Ok, everyone form an orderly queue... 🥵
#EntrappedByEve
One of the funniest things is when someone shows up pretending to be a completely different sub, and I’m supposed to have no idea who they are.
Meanwhile, I know exactly who they are and just play along like it’s a nature documentary.
You guys really think you’re slick. 😂
Spent £70 at the vet for my precious dog today.
Now it’s your turn to make it up to me.
Send, and show me you’re useful.
Just checking out all your accounts are safe 😈😈😈
Next week, my pet is on a lead and collar, locked in chastity.
Then it’s cage time while I go about my day.
He waits.
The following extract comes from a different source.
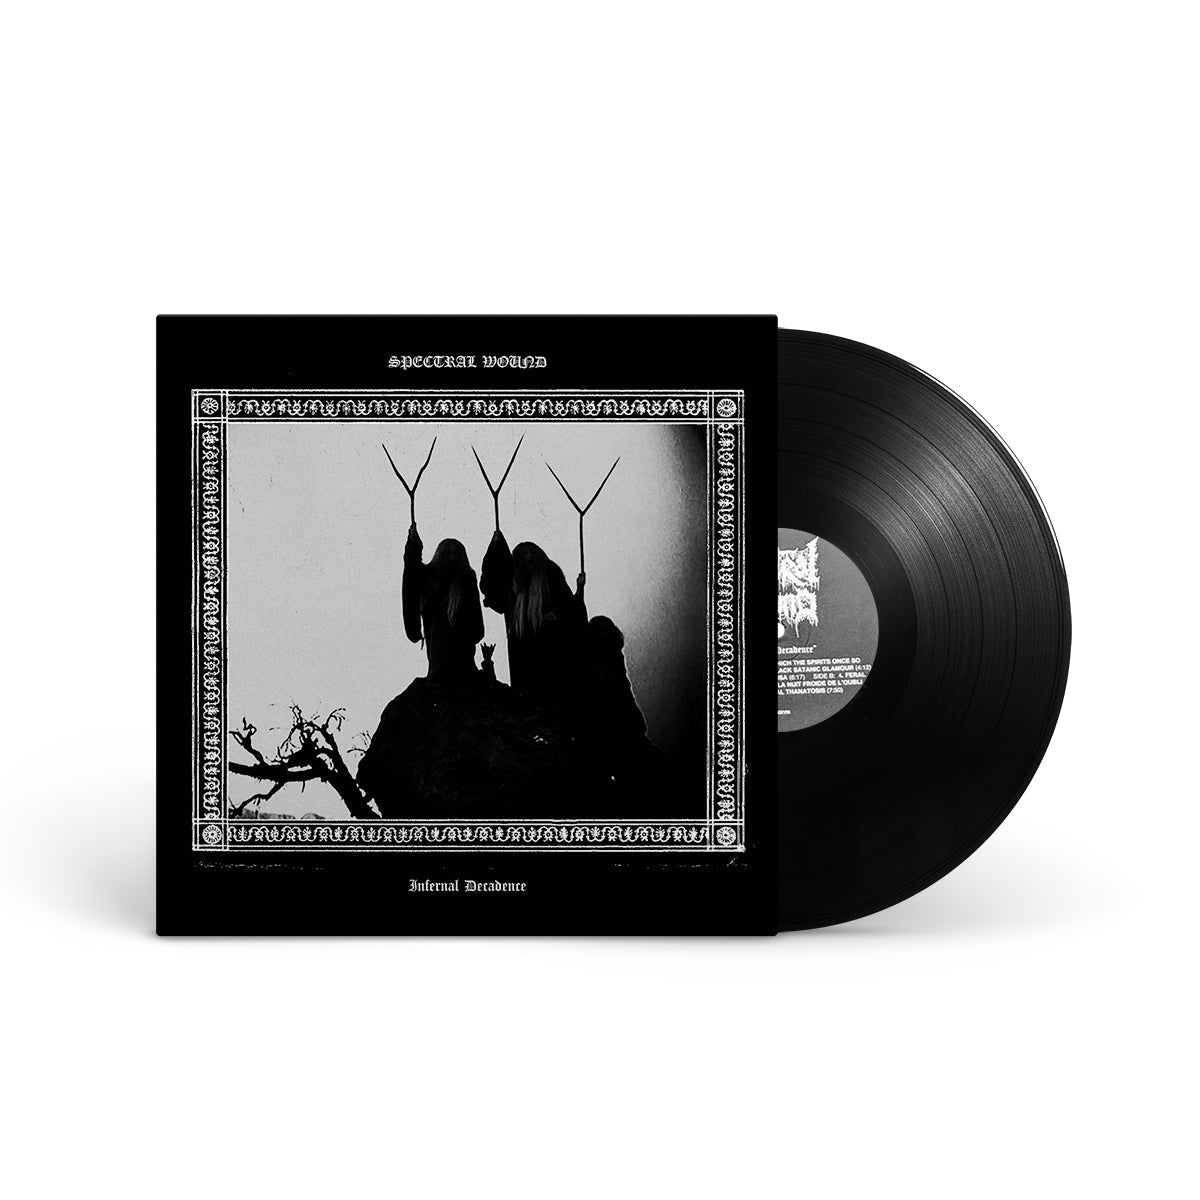 SPECTRAL WOUND "Infernal Decadence (Deluxe)" LP

I enjoy myself.
When I return, he’s reminded exactly where he belongs.
When you know your place, you know your place. 🖤
Free task for the sissy, slutty bitches:
Go stretch that slutty hole into oblivion while screaming, Mistress.
While you’re at it, stick it on the chair and fuck it.
Go and repost five of my posts
See how that rolls off my tongue so easy because I know what you are 👸
Move it
Black velvet dress. Wolfords. Heels.
Next weekend’s looking expensive, and I’ve decided that’s everyone else’s problem.
The Cocktail Fund is now open. Send money. I’ll convert it into martinis.
Non-contributors may leave the page immediately.